Fifteen years. That is what I have been thinking.
My husband asked, “are you thinking of flying out there?”
I wasn’t thinking of anything, I told him – but it is not what I meant. The words wouldn’t come.
Fifteen years. I could have had fifteen years more with her if I hadn’t been so stupid. I am supposed to go back now? At the end of all things? How will that help her now?
I have no job. No money. She is so far away, and it’s my fault. And I hate myself for it.
I really do hate myself for that decision that took me away so long ago. And it is all good and fine (and even true) to say that I wouldn’t have met my husband… my lost children… all the experience that came from moving here – but I wouldn’t have known that. I wouldn’t have missed them from that end.
But here I am, fifteen years later, and my Grandma is dying. And it hurts! It hurts so bad I cannot express it. Not even so much because I can’t get there now – but more that I can’t get back to then.
I miss my Grandma. I miss my Mom, and my brother(s), and my aunts and uncles and cousins…
And what is true for her, is really true for all of them. I’ve lost fifteen years with them, and maybe forever more, and it breaks me, and it’s my fault!
And I want to bang my head against a wall, again and again… so stupid! How could I have been so stupid?
I ran. All those days ago, I ran, and I lost them all… But I ran, because I felt like a failure – and now on this end of it, it seems so much the same.

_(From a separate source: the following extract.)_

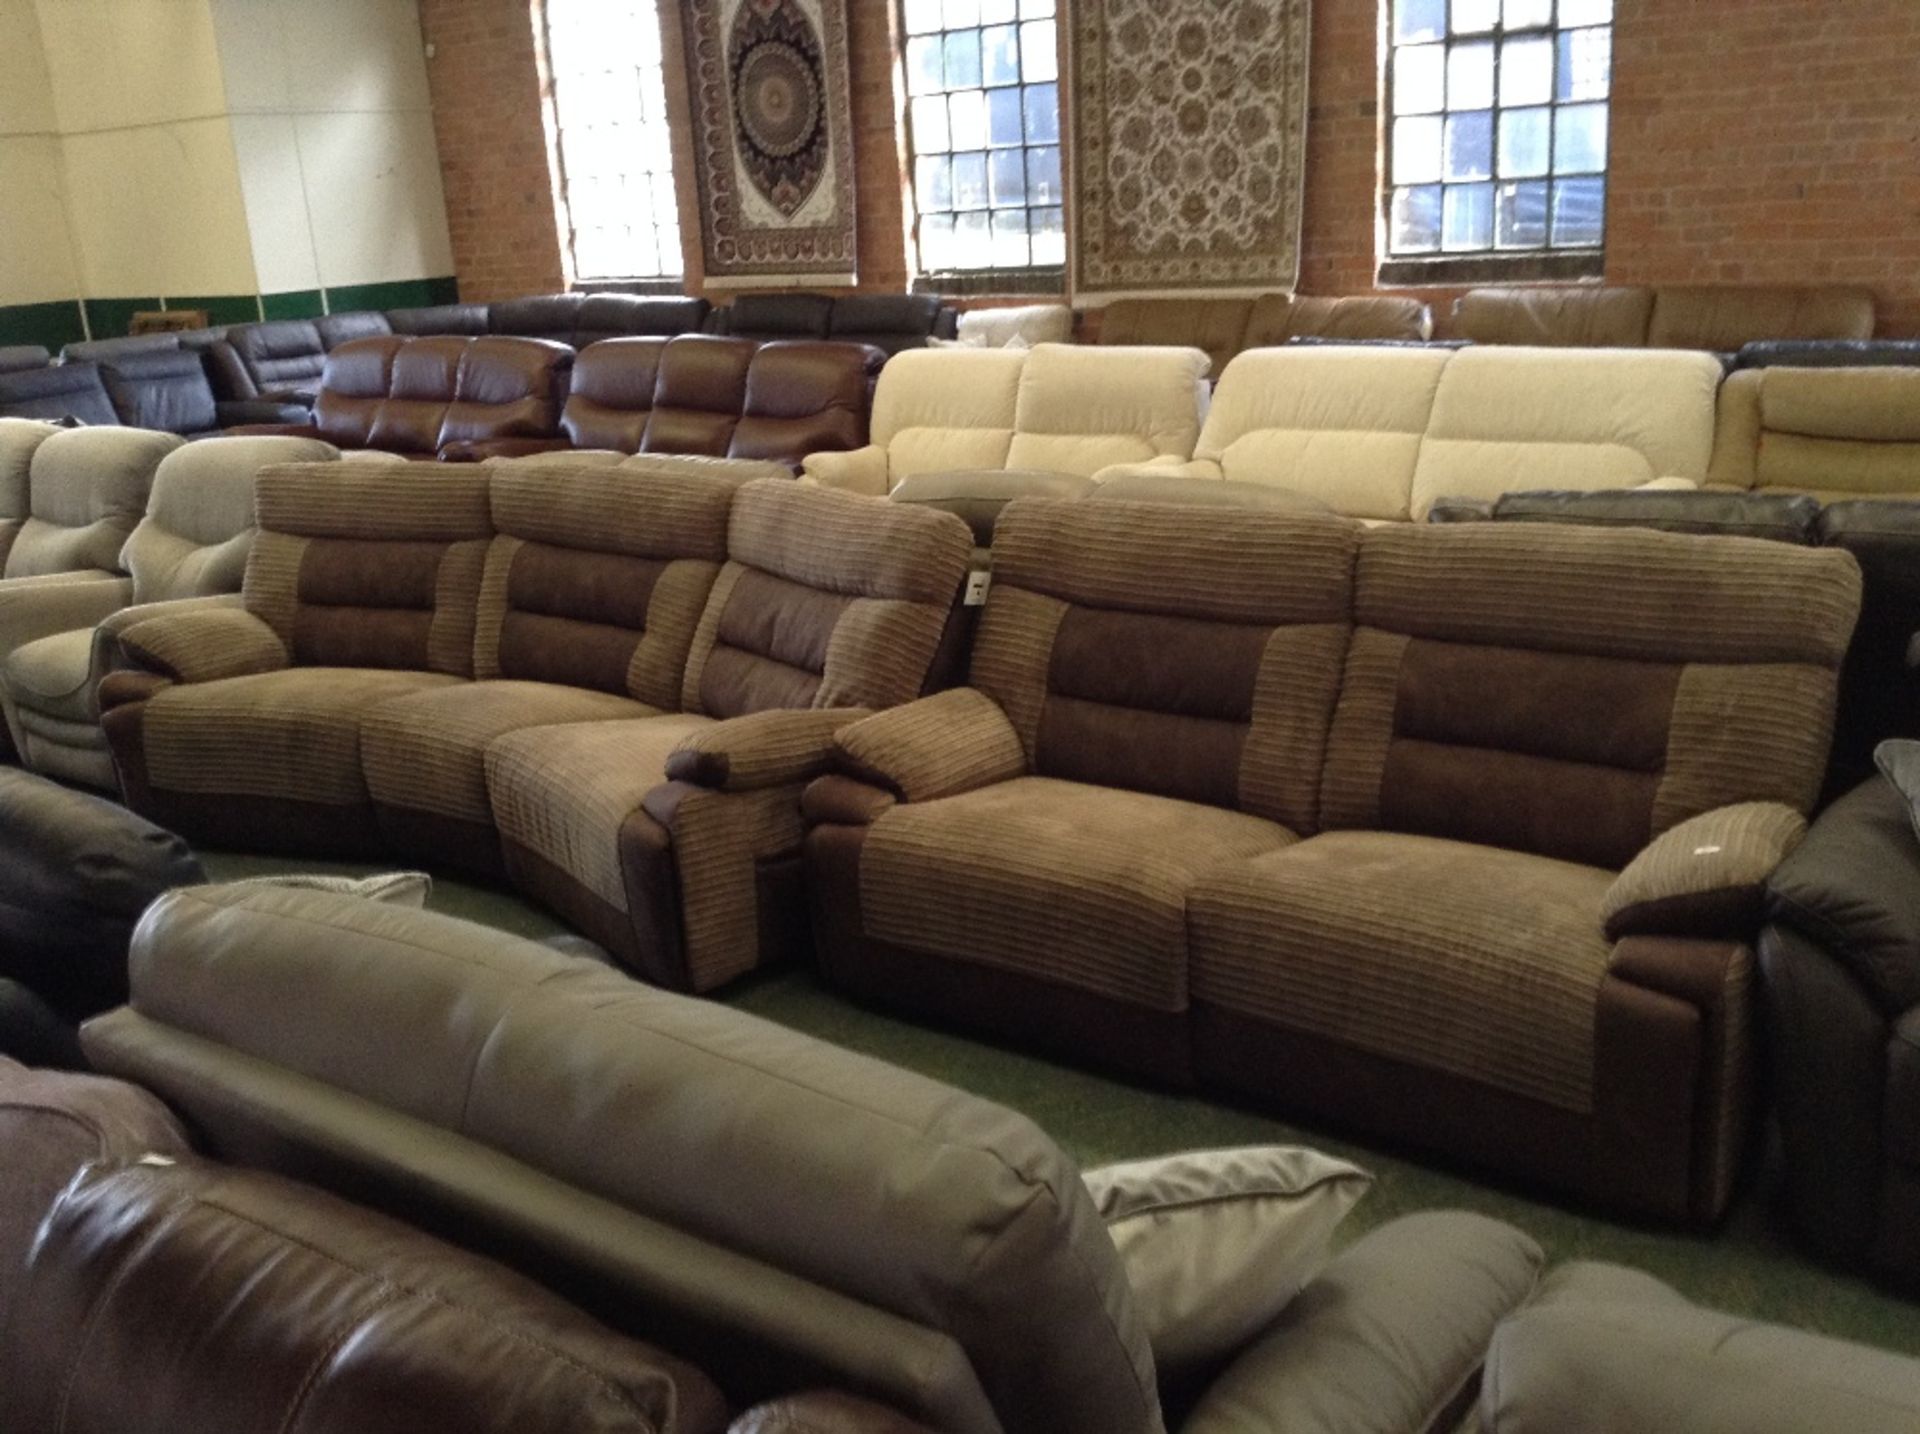 NUTMEG AND BROWN CORD ELECTRIC RECLINING 4 SEATER

I can see a great big, red, letter F with a circle around it on my forehead, for all the world to know.
A failure for staying, a failure for running, a failure for not being able to get back… and I can’t go back. I know that.
If I could go back, I could fix it all, maybe, but I can’t go back, and so have to live with those decisions I made all those years ago, and now she may be dying – and what can I do?
I want those years back – all those years. Not because they were good – they weren’t – but because I need to do better. I want to do better. I have to do better – and not lose all those… I lost everything.
I am sure some good things came – my husband, my dog, my faith – of moving here, but that doesn’t take away what was lost, and what was lost comes to me tonight, and breaks me.
Fifteen years. I can’t even express it. I can only weep, alone in this room, knowing once more that what was lost is not coming back, and I am full of pain and regret over it.